%%

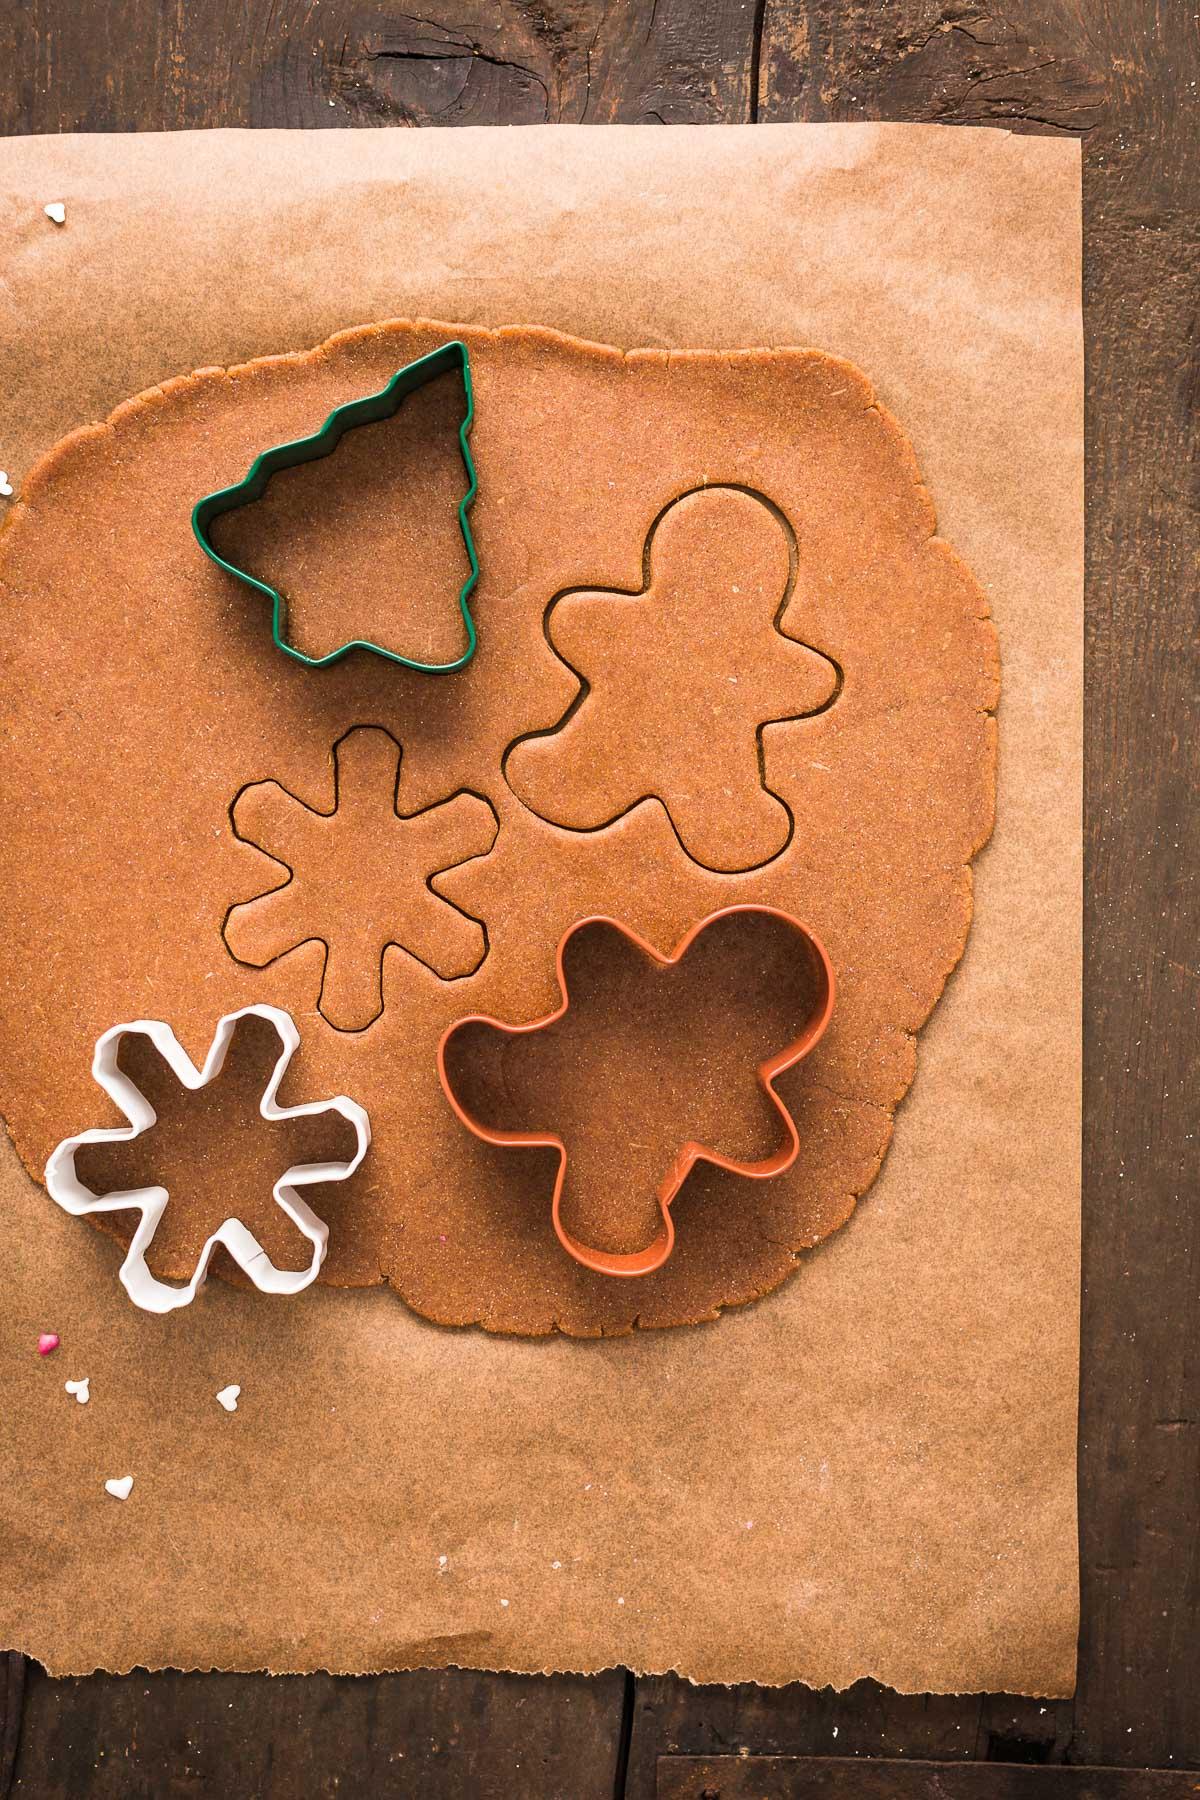 vegan gingerbread man vegani - ricetta biscotti pan di zenzero vegani croccanti leggeri friabili #vegan gingerbread senza burro
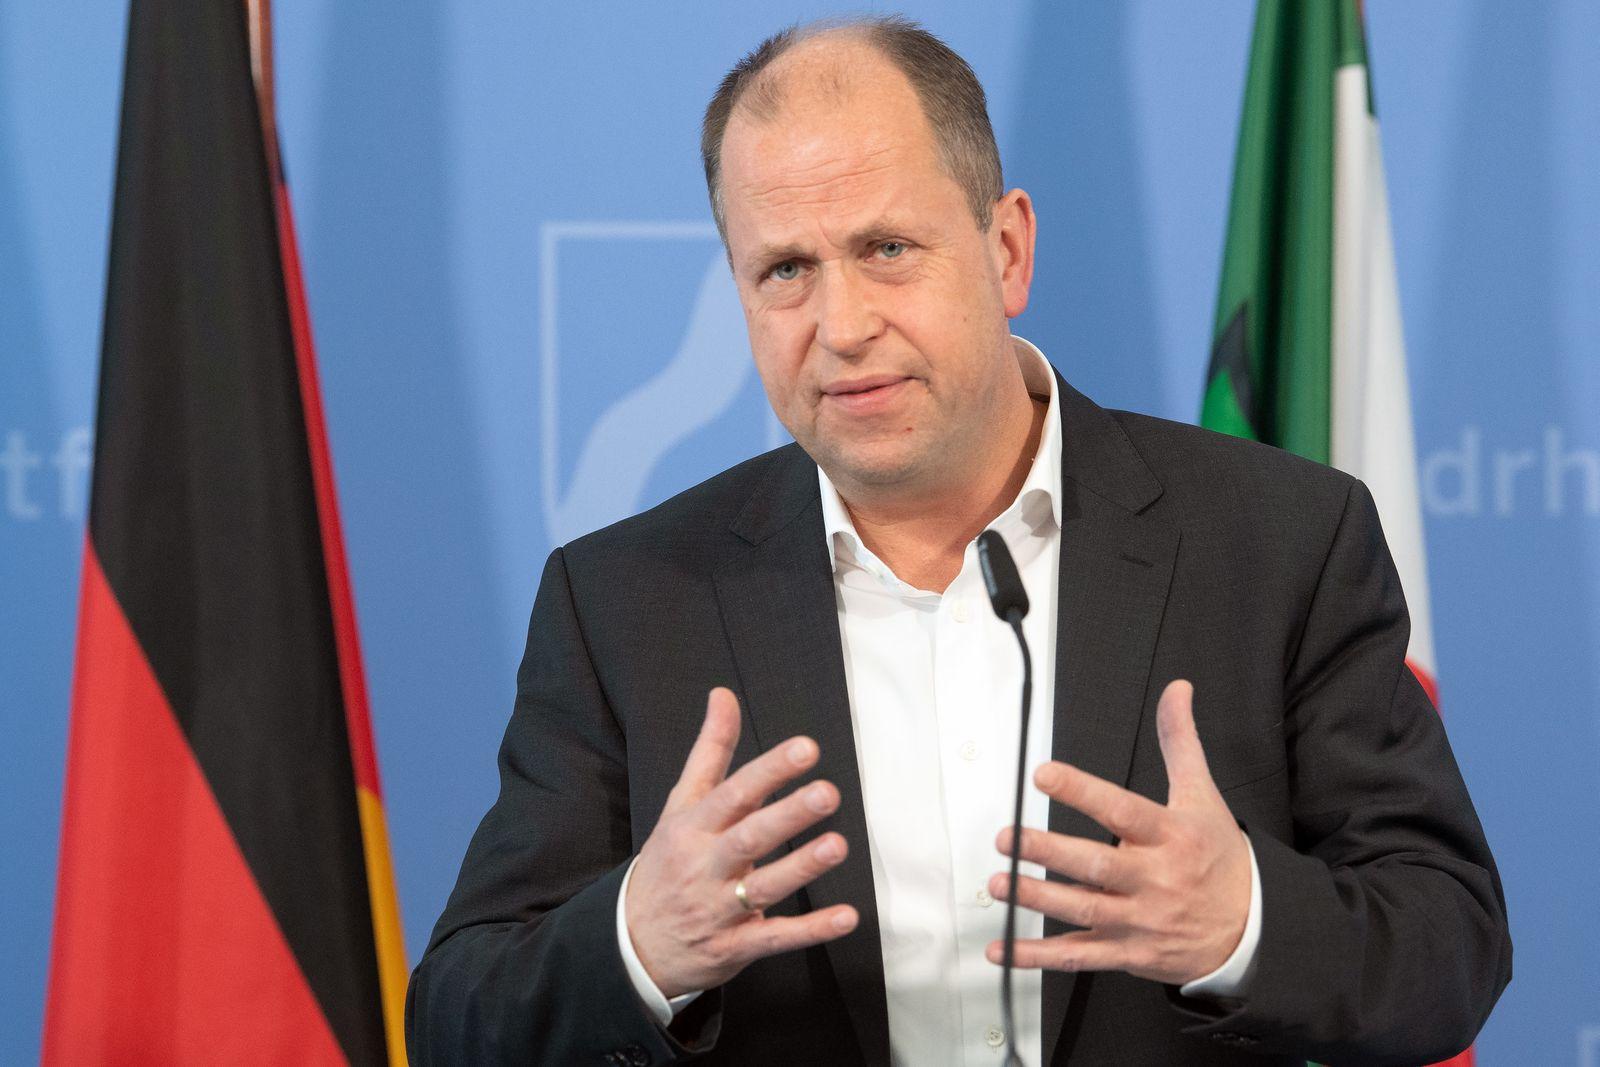 Coronavirus - Landesregierung NRW
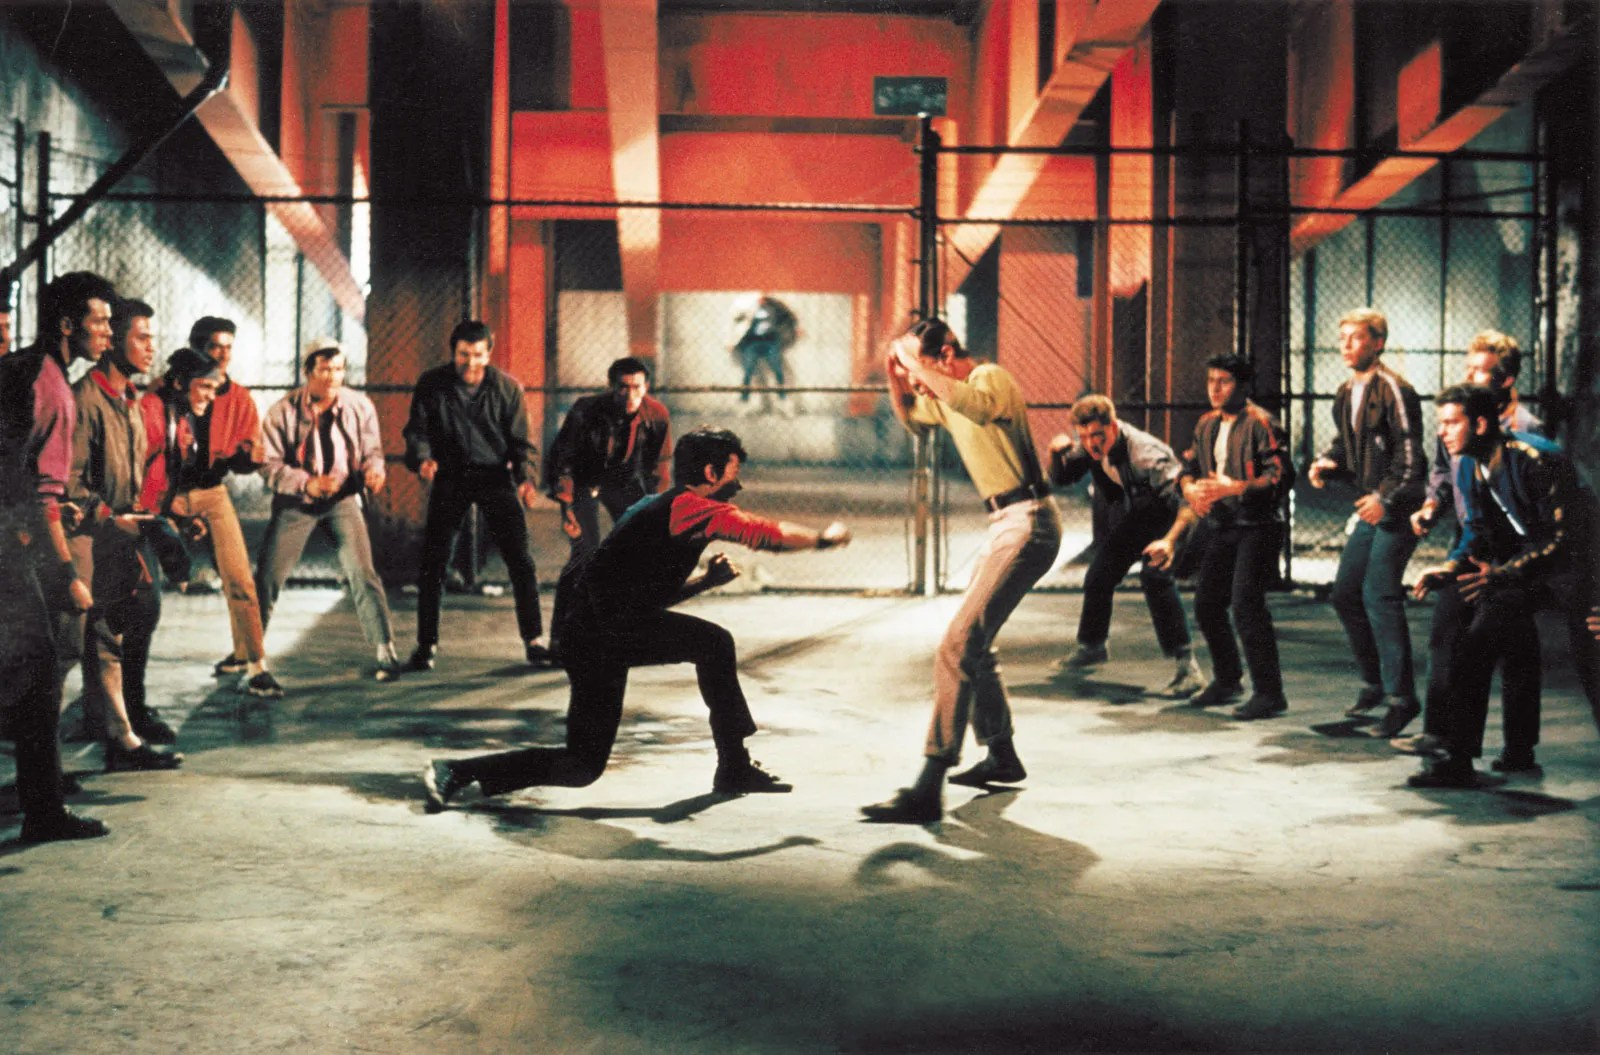 West Side Story   Plot,但為了適應音樂劇與電影之間的差異,莎士比亞的「羅密歐與茱麗葉」被搬到現代的紐約街頭, & Facts   Britannica
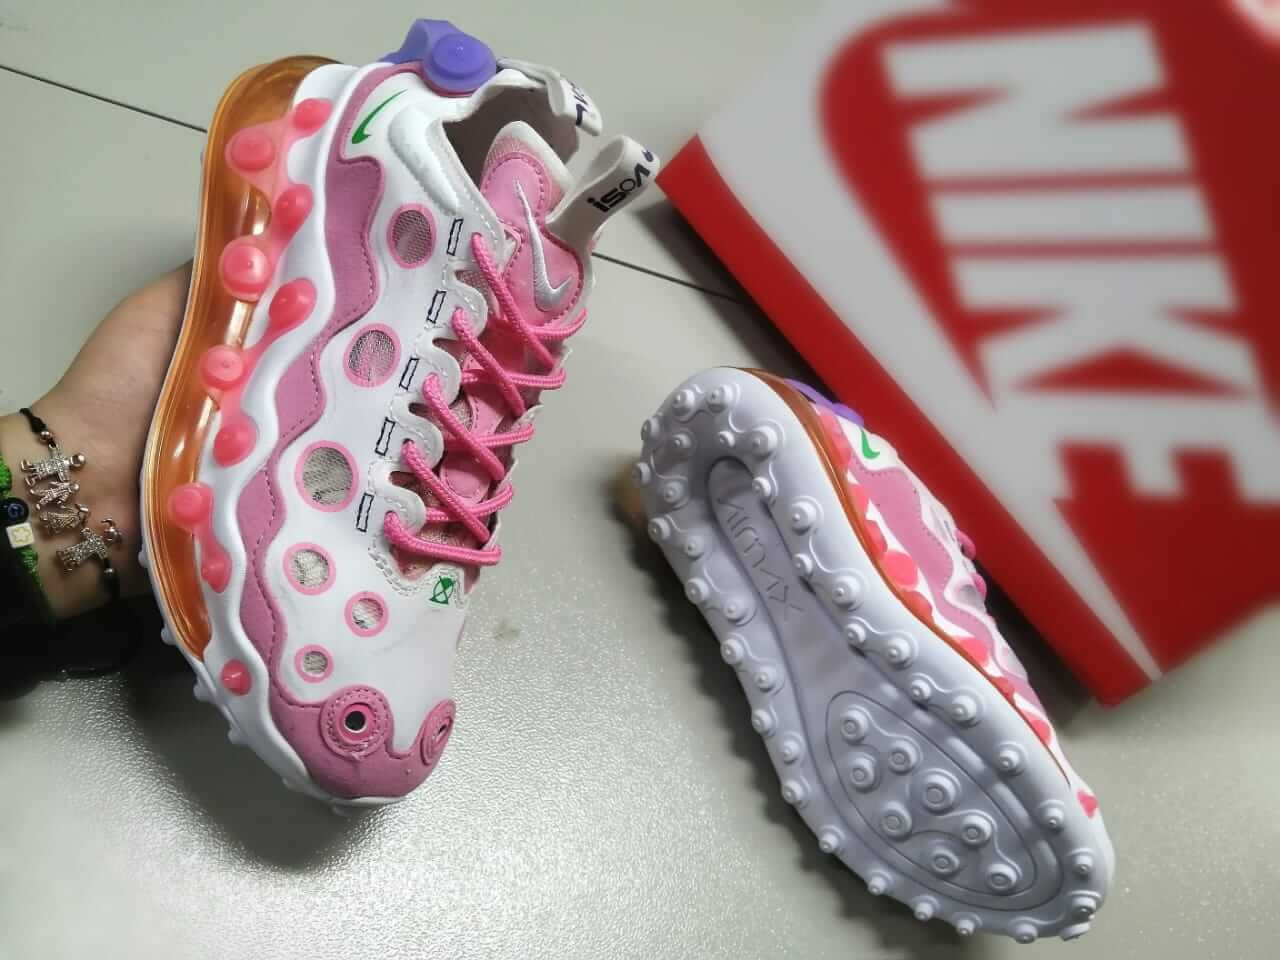 Zapatillas para Mujer Nike iSPA Air Max 720 running, suaves, cómodas, Rosado
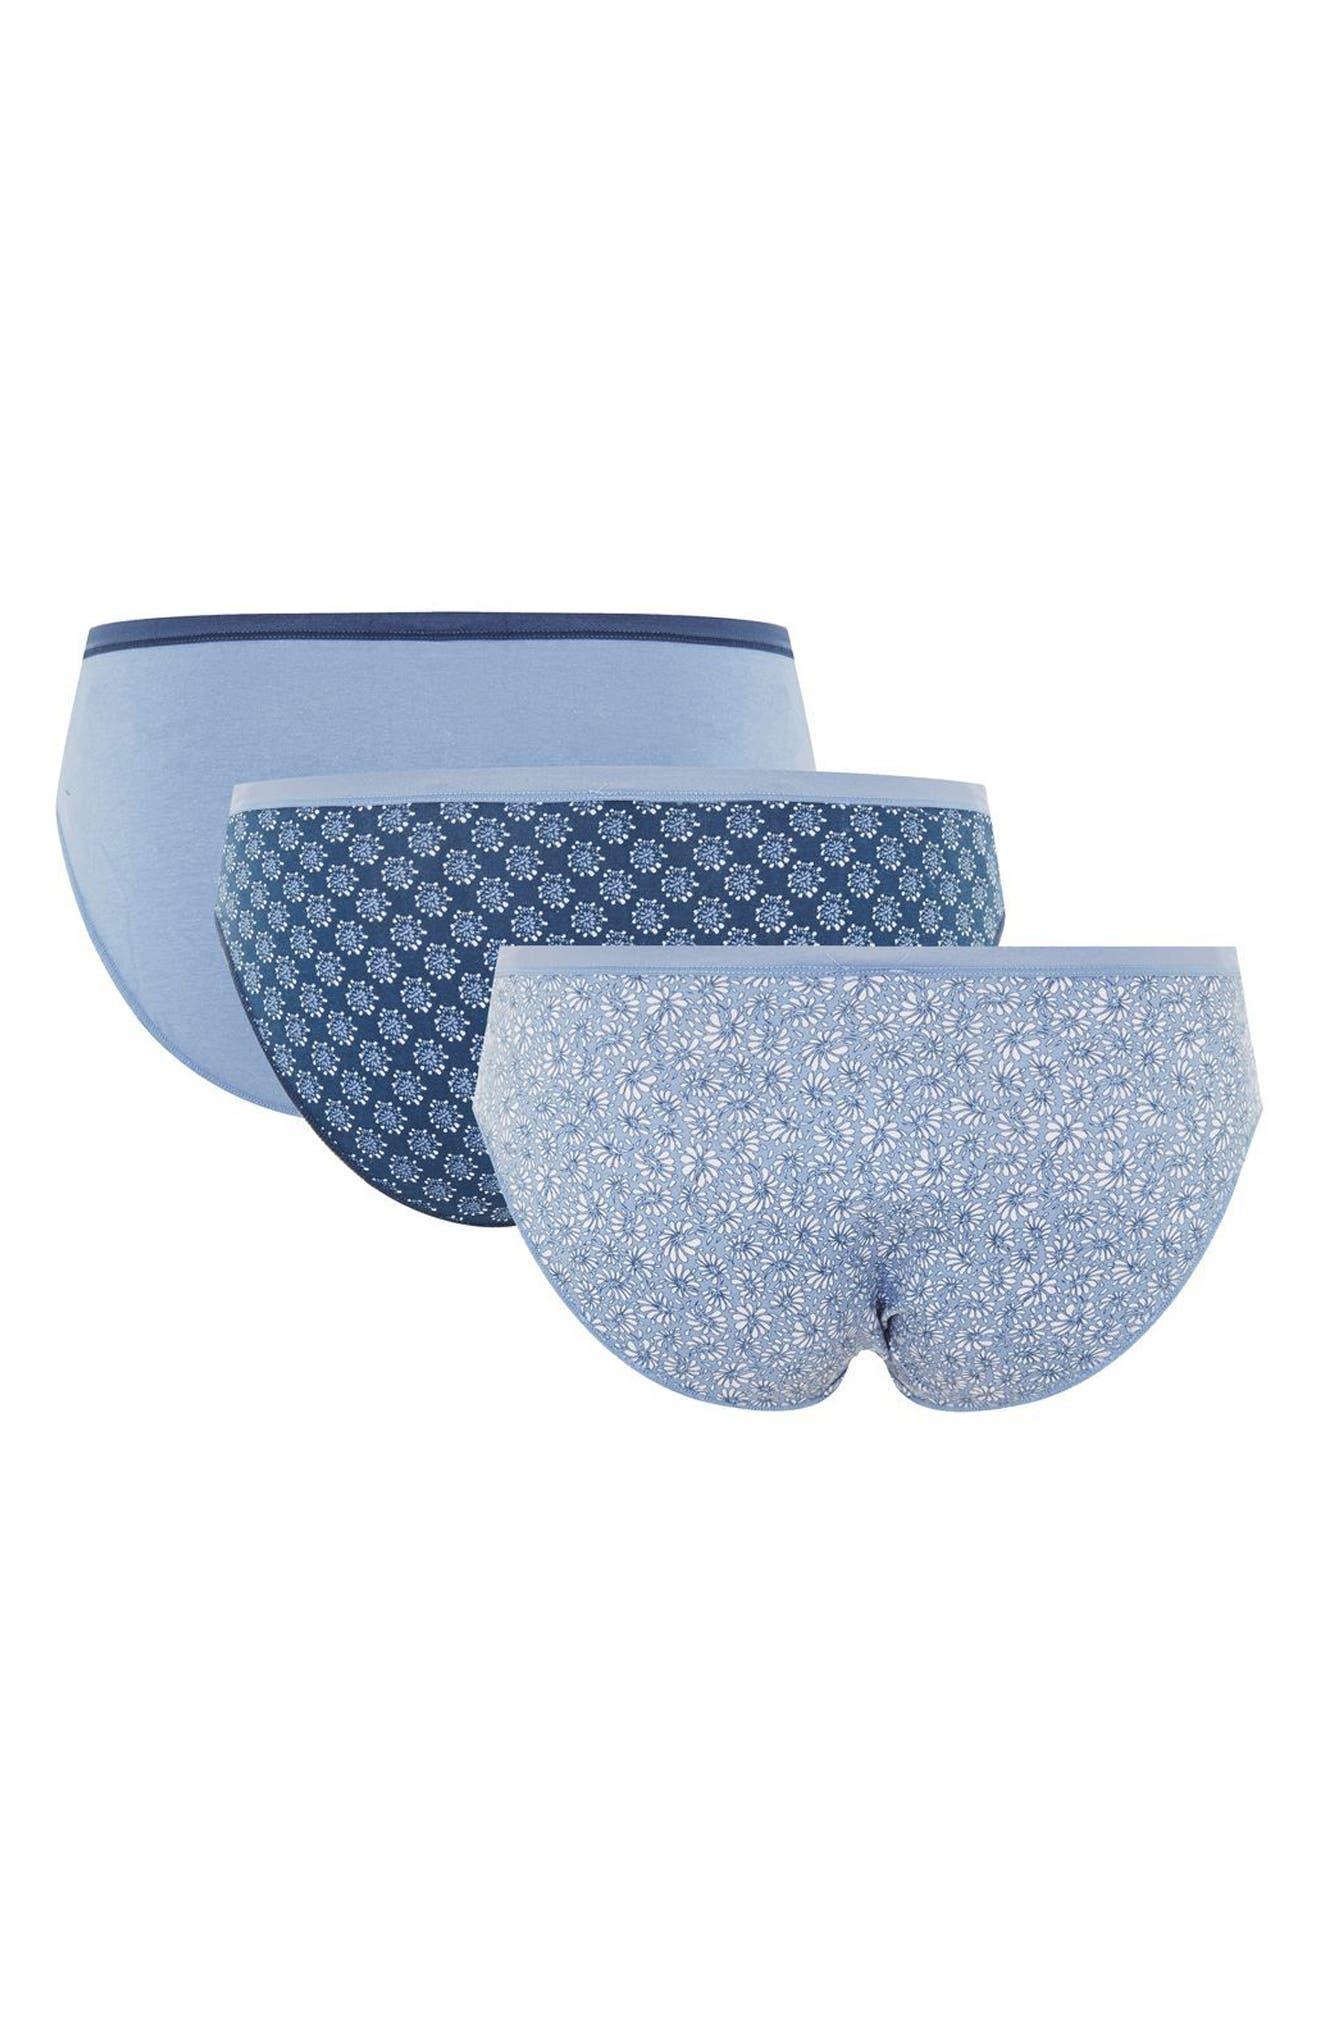 Set of 3 Panties,                             Alternate thumbnail 2, color,

%%

The problem :: Repeat the line that contains "Zapatillas para Mujer" and each line after it, through the last line of the listing, exactly and alone; pictures stay out of the repeat.

Solution to this problem ::
 Zapatillas para Mujer Nike iSPA Air Max 720 running, suaves, cómodas, Rosado
 Set of 3 Panties,                             Alternate thumbnail 2, color,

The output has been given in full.